Alice Morse Earle, American historian and author, 1901
Alice has got it exactly right – there’s a heart connection to plants from days gone by. And isn’t a heart connection to the food that nourishes our bodies and the gardens that sustain our souls exactly what we need these days?
I get attached to plants the way most people form attachments to children, pets, favourite books, or treasured keepsakes (I love all those things too!). I baby my favourite plants, coax them along with encouraging words, tell them how beautiful they are, and grieve if they die.
In a way, plants with a past are keepsakes or heirlooms too. I don’t usually form these attachments to plants I bring home from the nursery. I’m talking about plants and seeds that come with connections. The lilac bush planted to commemorate the birth of a baby; the seeds shared by a family member who has grown and saved them all their life; the irises obtained from a neighbour no longer alive.
Heirloom keepsakes can make us all mushy and emotional. Just as I get sentimental about the antique tea set that was passed down to me through family generations, so I am also fond of the heritage varieties of plants in my garden. That century-old tea set, those seeds your grandmother used to plant – they’re both heirlooms.
“Passalongs are plants that have survived in gardens for decades by being handed from one person to another.”
Steve Bender & Felder Rushing, Passalong Plants
One term for these garden keepsakes, if you’ve received them from someone else, is passalong plants. I can picture the handing over of plants or seeds across the fence from one gardener to another, along with words of advice on how to settle the newcomer into its new site. There’s a person-to-person link that remains unbroken as long as the plant remains alive or the seed continues to be viable. It’s the perfect definition of an heirloom – something treasured that is passed from one person to another.

I’m reminded of a lovely old dianthus that had been in my grandparents’ Sunshine Coast rockery forever. Its single pink blooms with spiky grey-blue foliage and that heady, spicy fragrance were one of the only things that could lure me close to that rock wall as a child (there were known garter snakes in that wall!).
Decades later, after first my grandmother then grandfather passed away, we gathered at their home to ready it for sale. As I took a final stroll through the garden, I spied those pinks blooming among the rocks. Next thing you know I had a shovel in my hand and a plastic bag to put a piece of the plant in.

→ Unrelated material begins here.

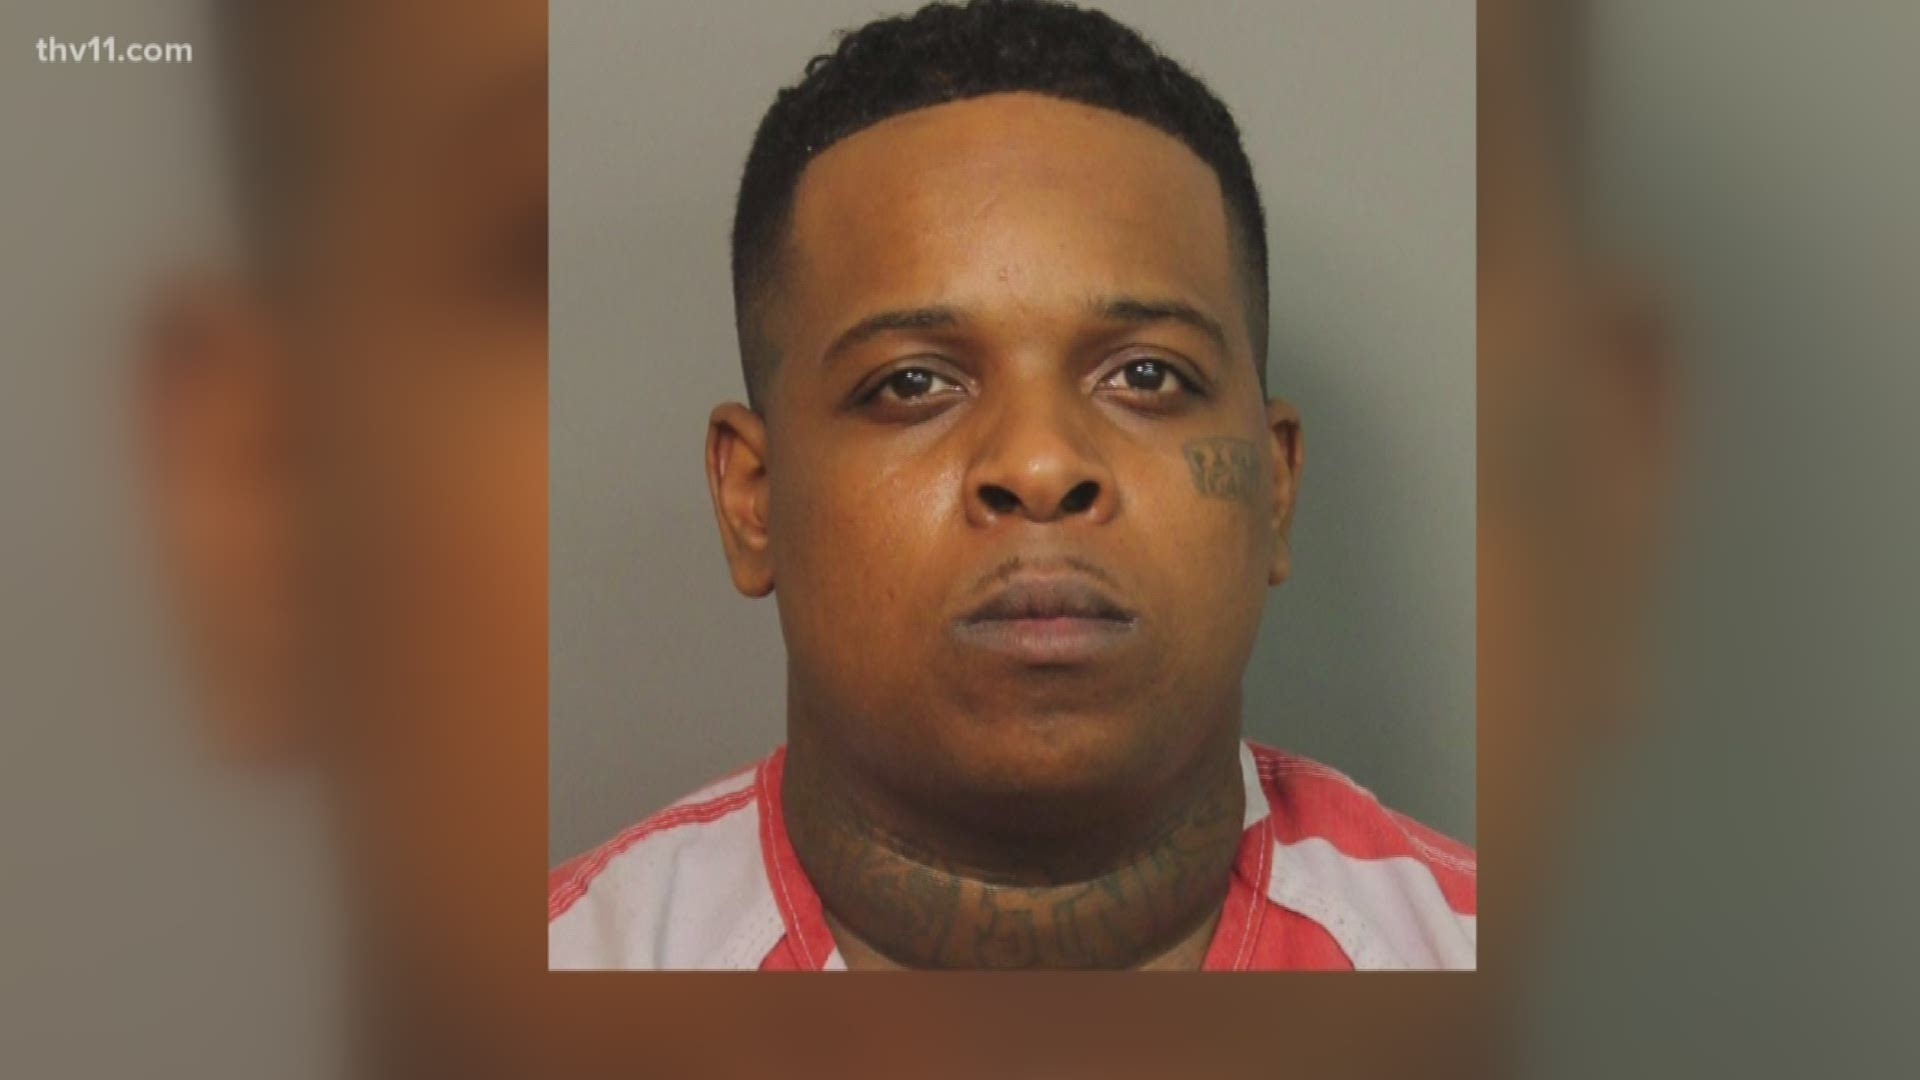 A Tennessee rapper has been sentenced in Arkansas to five years in prison on a federal weapons charge that came after he was arrested with a gun a week before a shooting at an unrelated event at a Little Rock nightclub where he was performing.

I tenderly planted it in a section of my garden, and nursed it along. But it was too damp there and the pinks struggled. One spring, it seemed to be gone, until one small sprout pushed its way above ground. I guarded and urged it on, then one day got over-zealous with my nearby digging and decapitated the tiny shoot. I still mourn it, and pinks are still one of my favourite spring flowers.

When I moved from the Vancouver area to the Okanagan I brought many plants with me that I thought would do well in this semi-arid region. But I couldn’t bring my star magnolia tree, which my husband had given me for our anniversary (he knows the way to my heart!) or my ‘Buff Beauty’ rose. I still get sad when I think of leaving them behind. I watch closely over my transplanted babies, and though some haven’t made it, I delight in the hardy old friends that are thriving.
Surely I can’t be the only one who gets so sentimental about my plants! Do you have treasured plants or seeds that hold a special place in your heart and garden? Tell us about them in the comments.
I love my garden plants that were slips from friends, and even more if they come with stories about family gardens and migration. I try to take extra care to propogate these and ensure they get passed along (with stories included)
I agree, Carolyn! Connecting to plants in these ways adds another whole dimension to gardening.